### [What is required]
Please copy exactly the part of the records below that opens with the line containing "From Direct to" and closes with the line containing "Motor and rotor for dynamo-electric machine", leaving out any pictures.

### [Material shown]
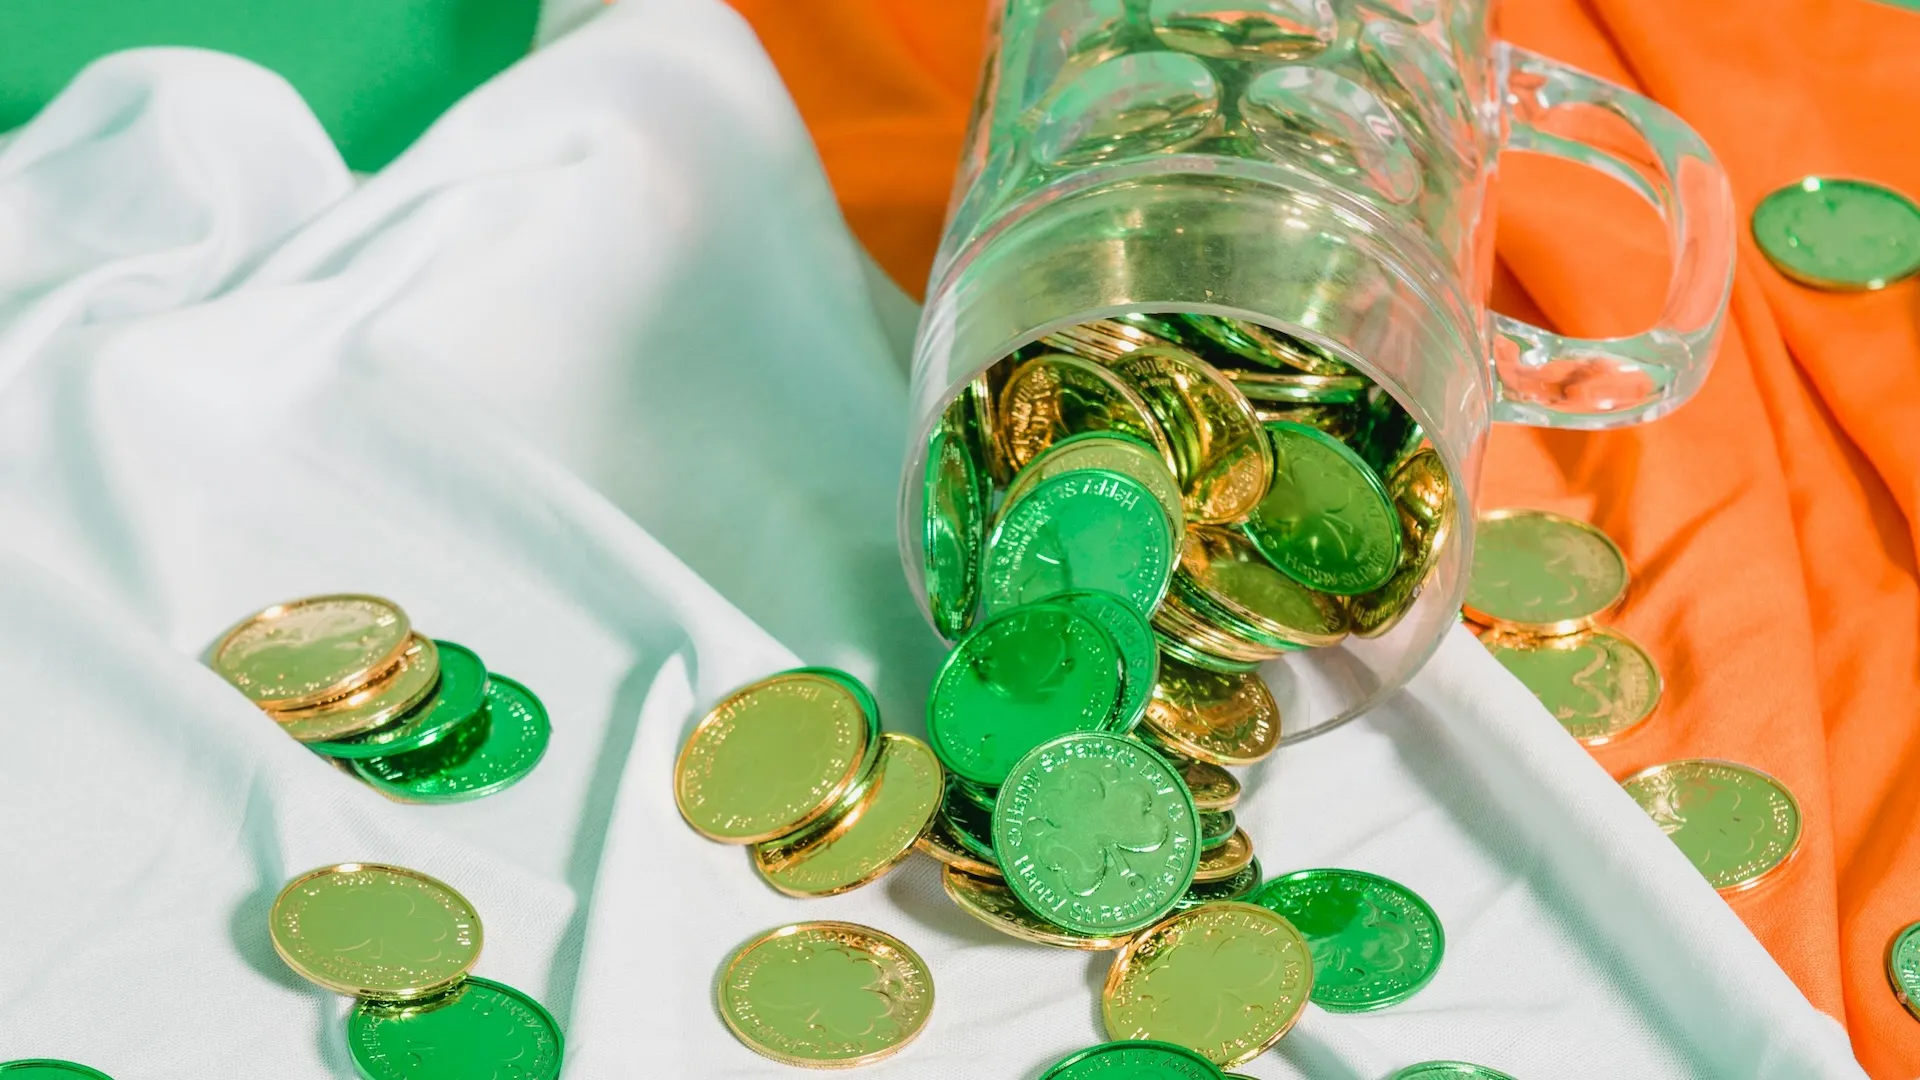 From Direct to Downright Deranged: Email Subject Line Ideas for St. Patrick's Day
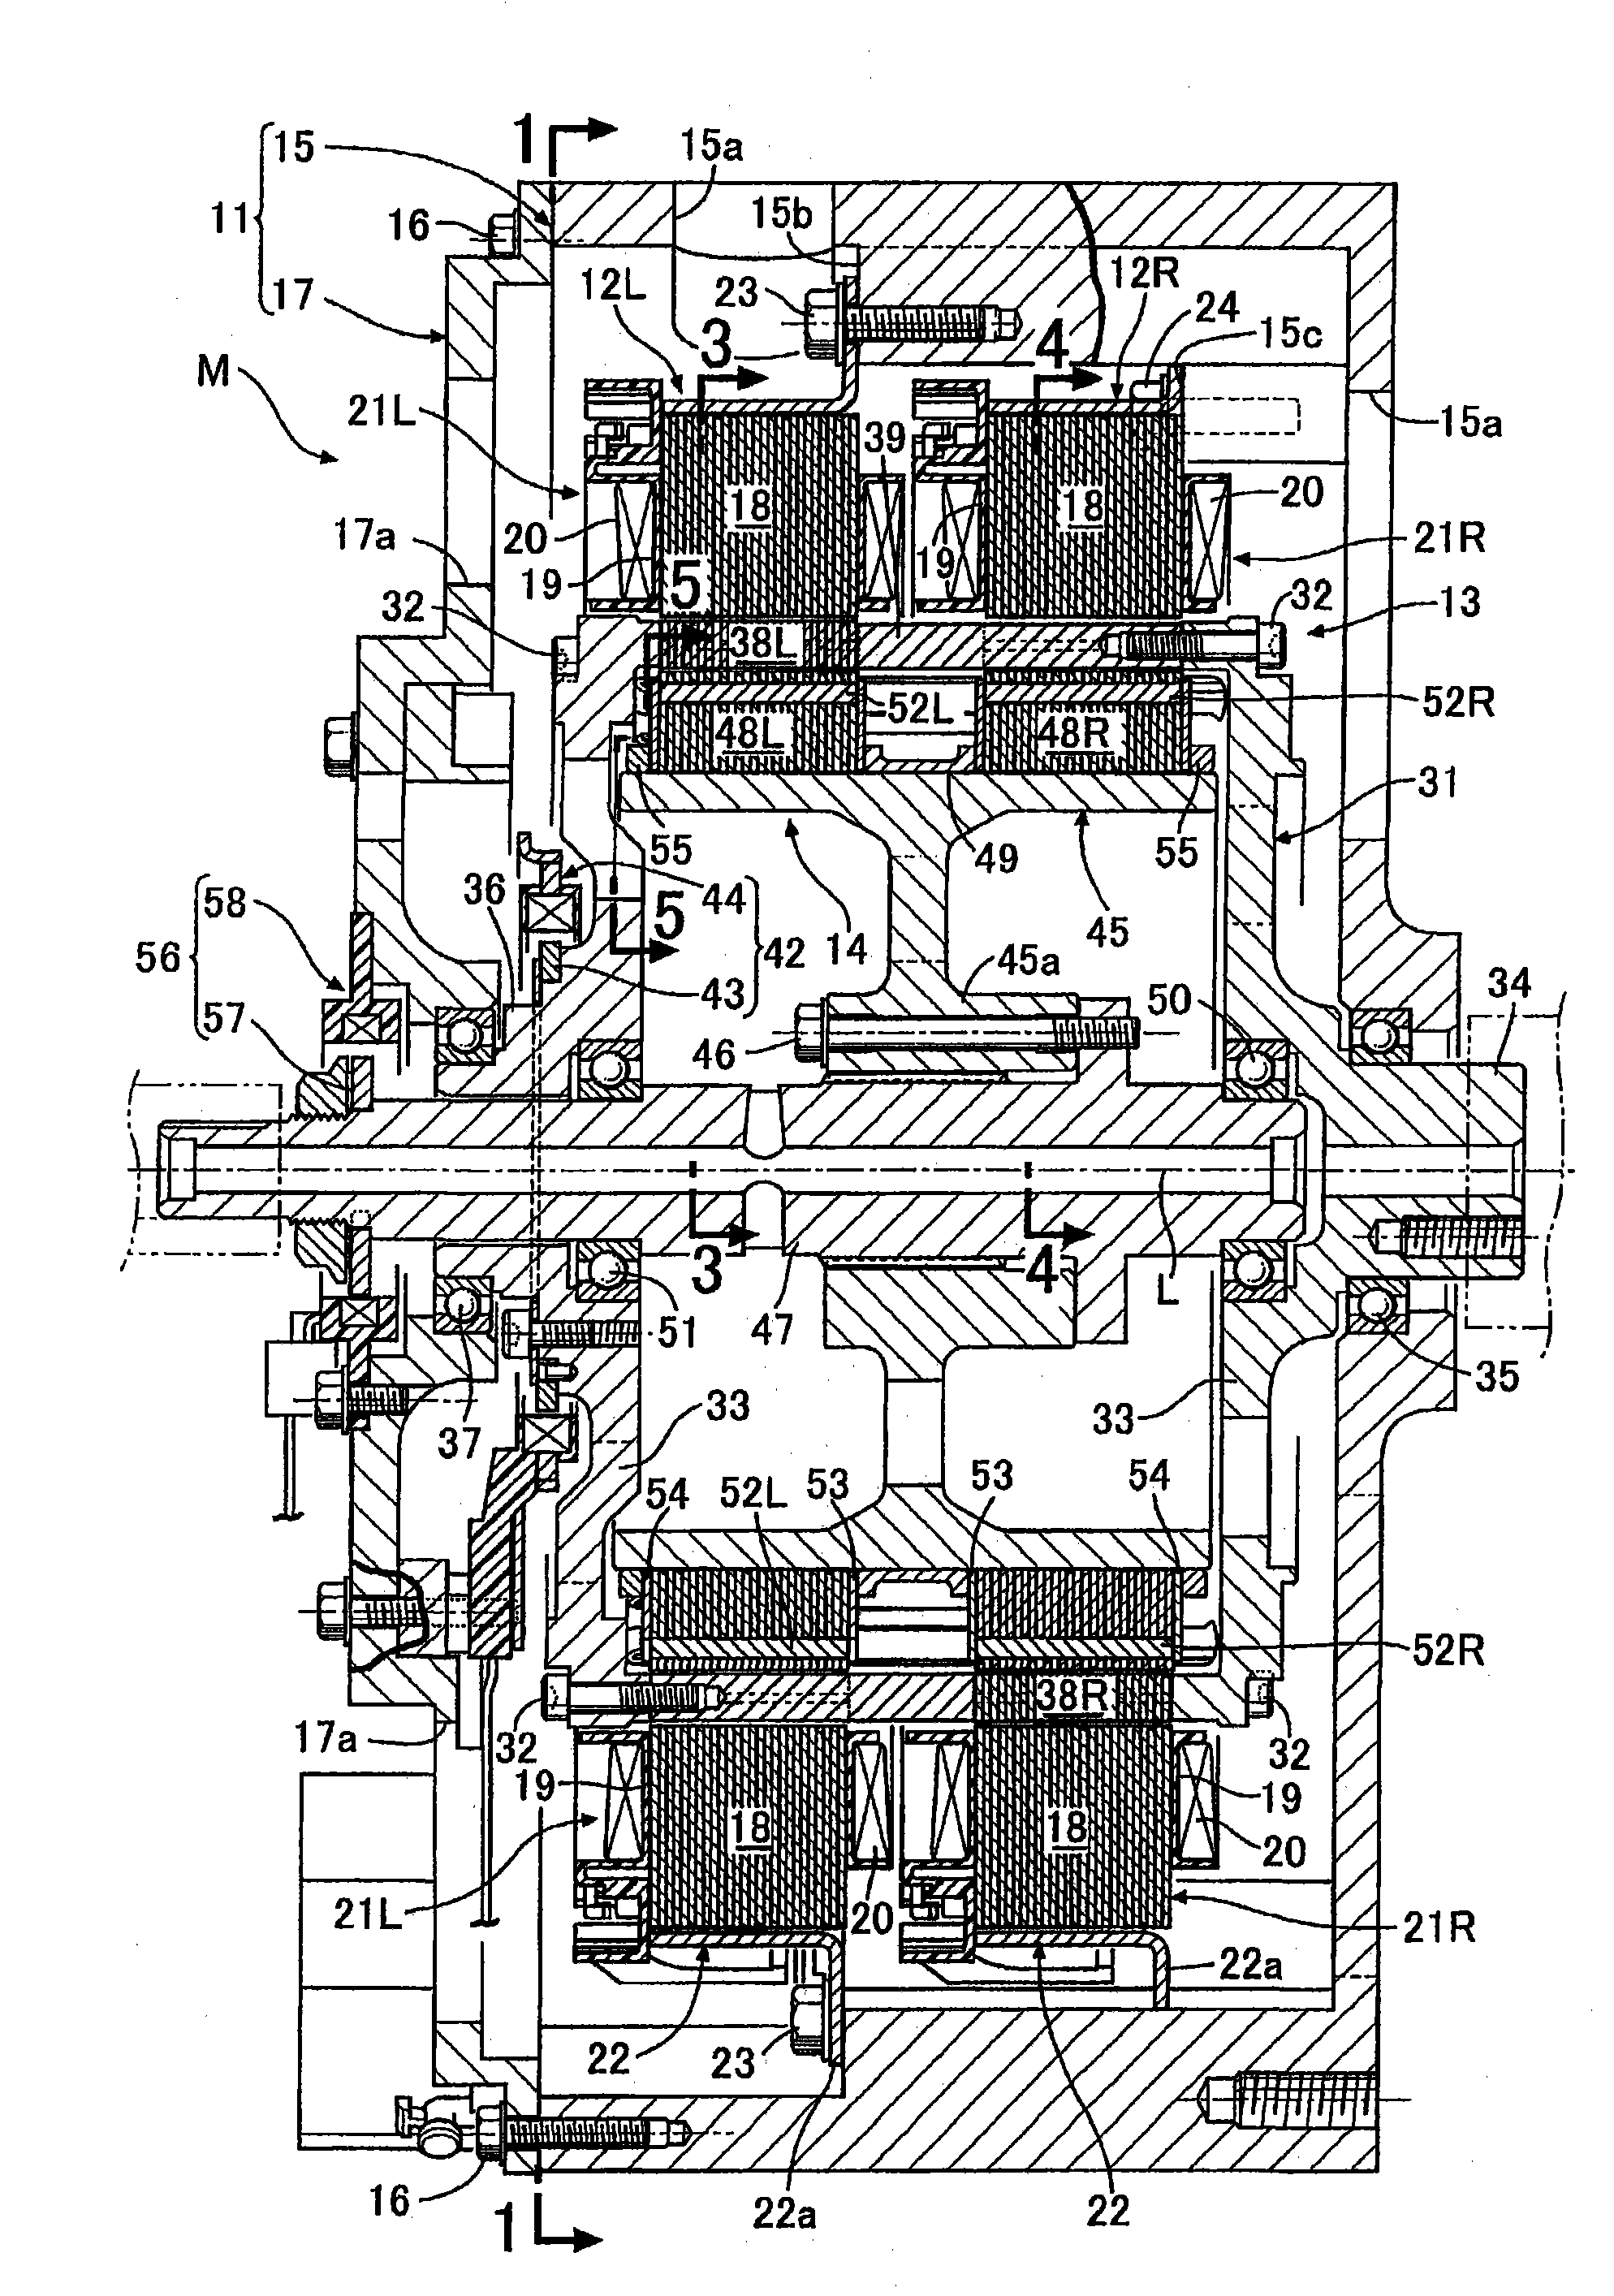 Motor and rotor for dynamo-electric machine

* * *

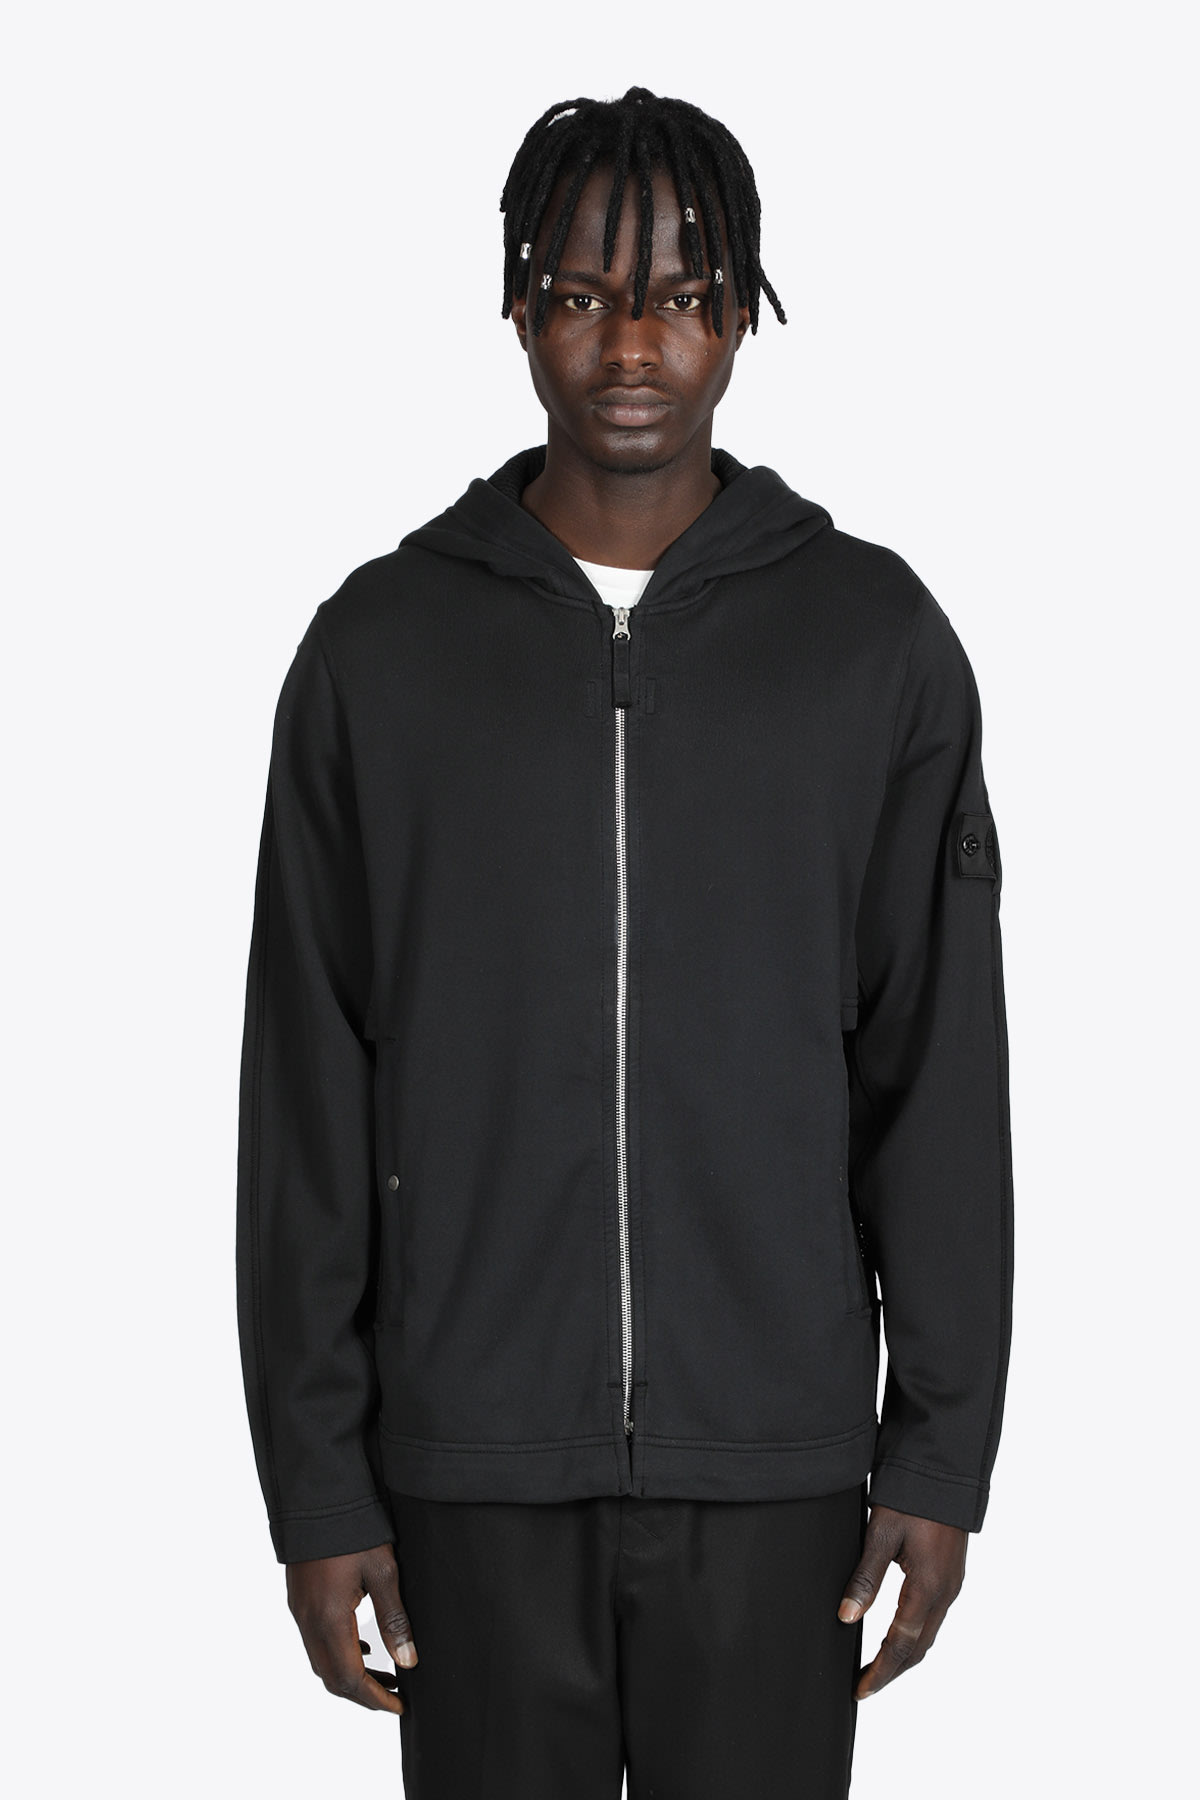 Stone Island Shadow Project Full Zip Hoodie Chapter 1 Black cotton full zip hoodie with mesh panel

### [Response to the task]
 From Direct to Downright Deranged: Email Subject Line Ideas for St. Patrick's Day
 Motor and rotor for dynamo-electric machine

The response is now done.